_Task to complete_:
In the records below, find the line that contains "Sanlorenzo Yachts SL102 Asymmetric Details" and the line that contains "Emergency Meeting Beefy"; write out exactly those two lines and everything between them, without the pictures.

===== Data excerpts

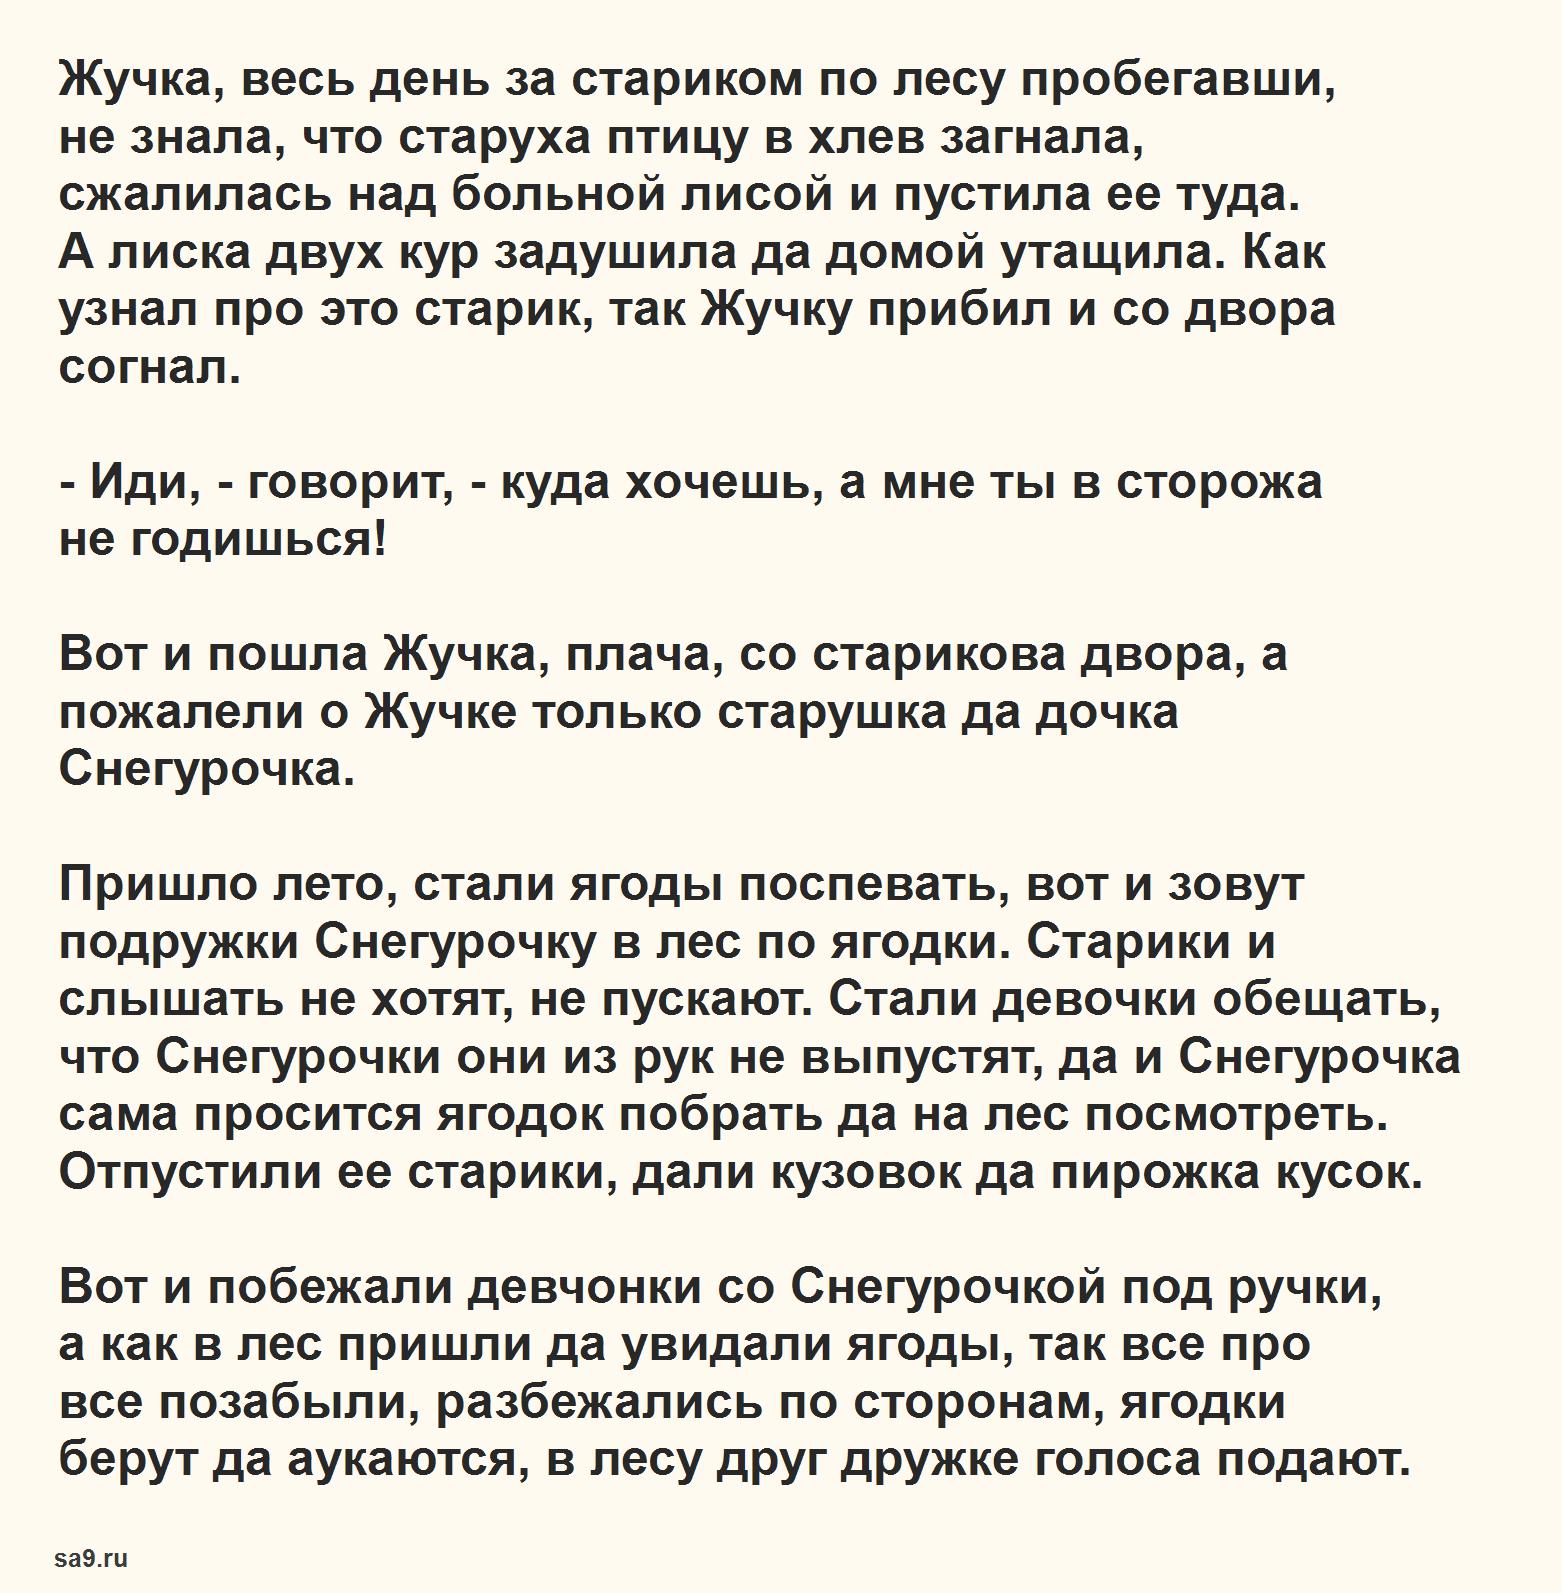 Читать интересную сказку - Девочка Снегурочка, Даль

==========
===== Data excerpts

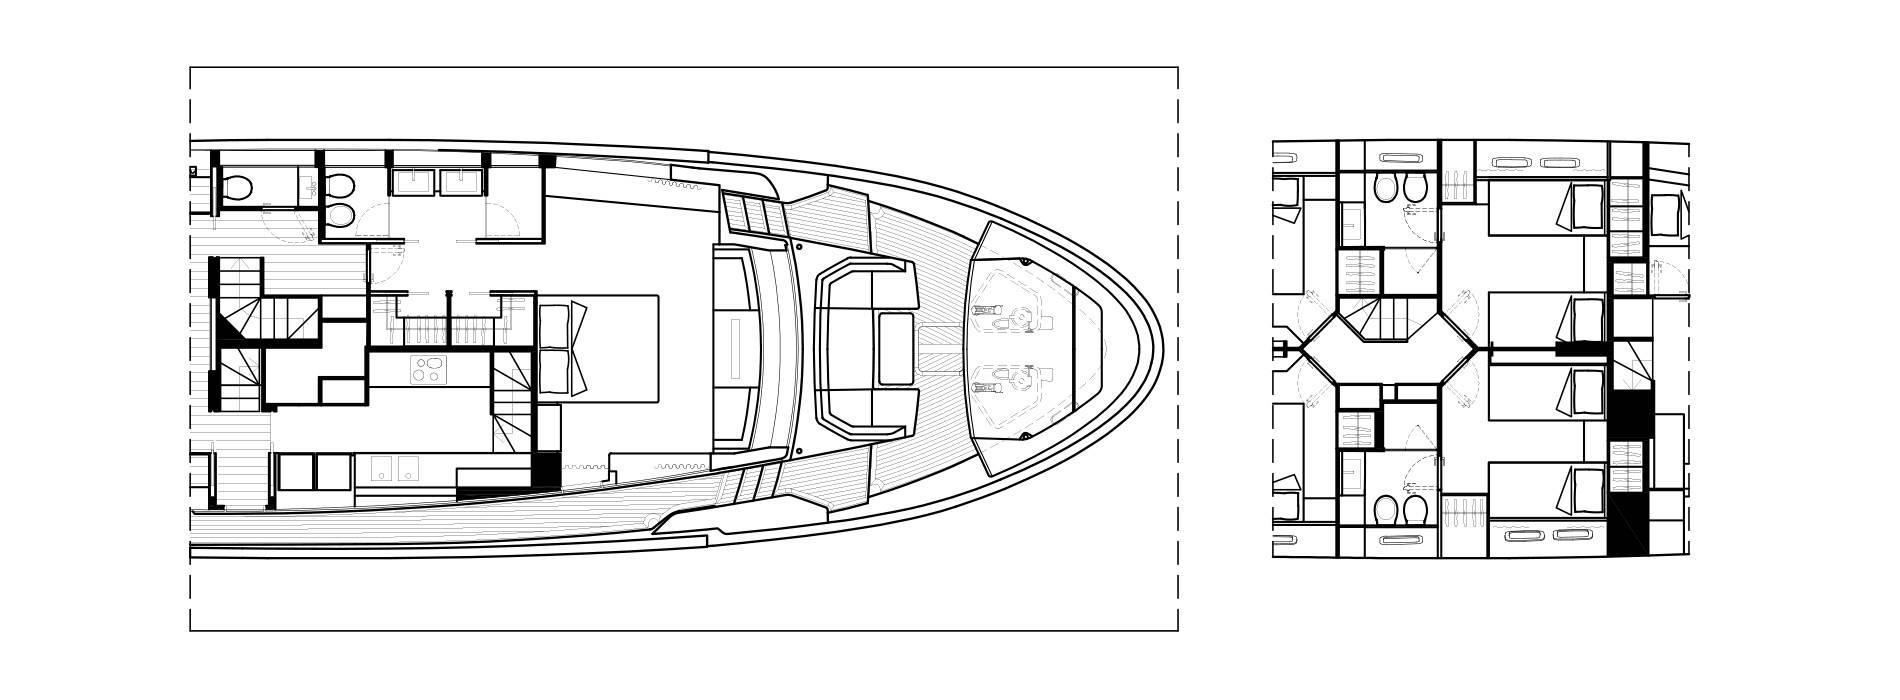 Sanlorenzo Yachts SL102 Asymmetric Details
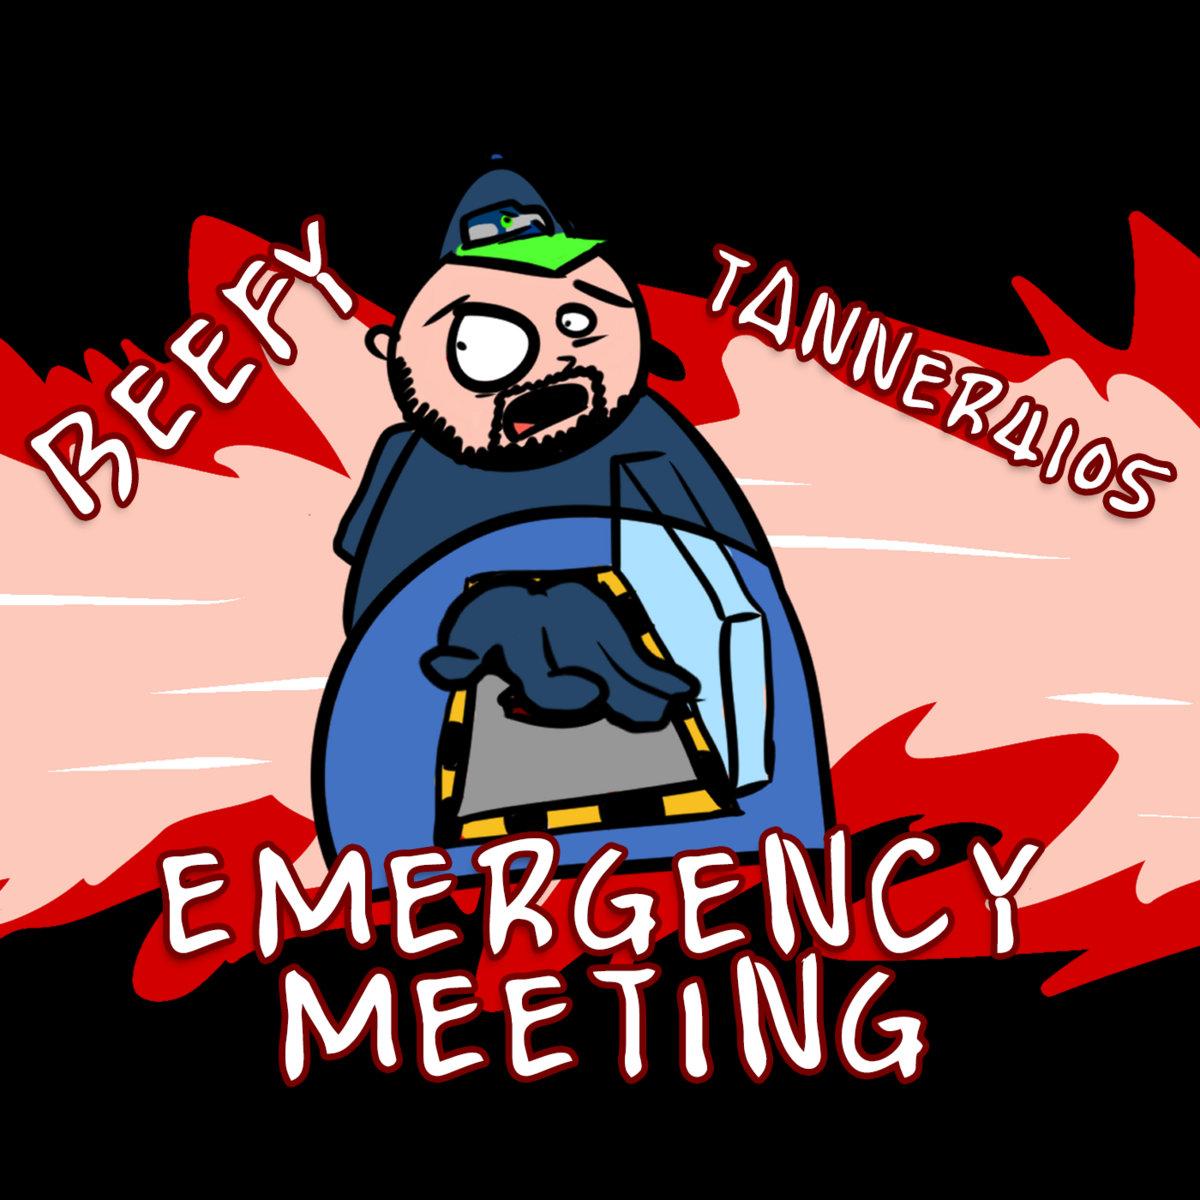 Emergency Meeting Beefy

==========

_Response_:
 Sanlorenzo Yachts SL102 Asymmetric Details
 Emergency Meeting Beefy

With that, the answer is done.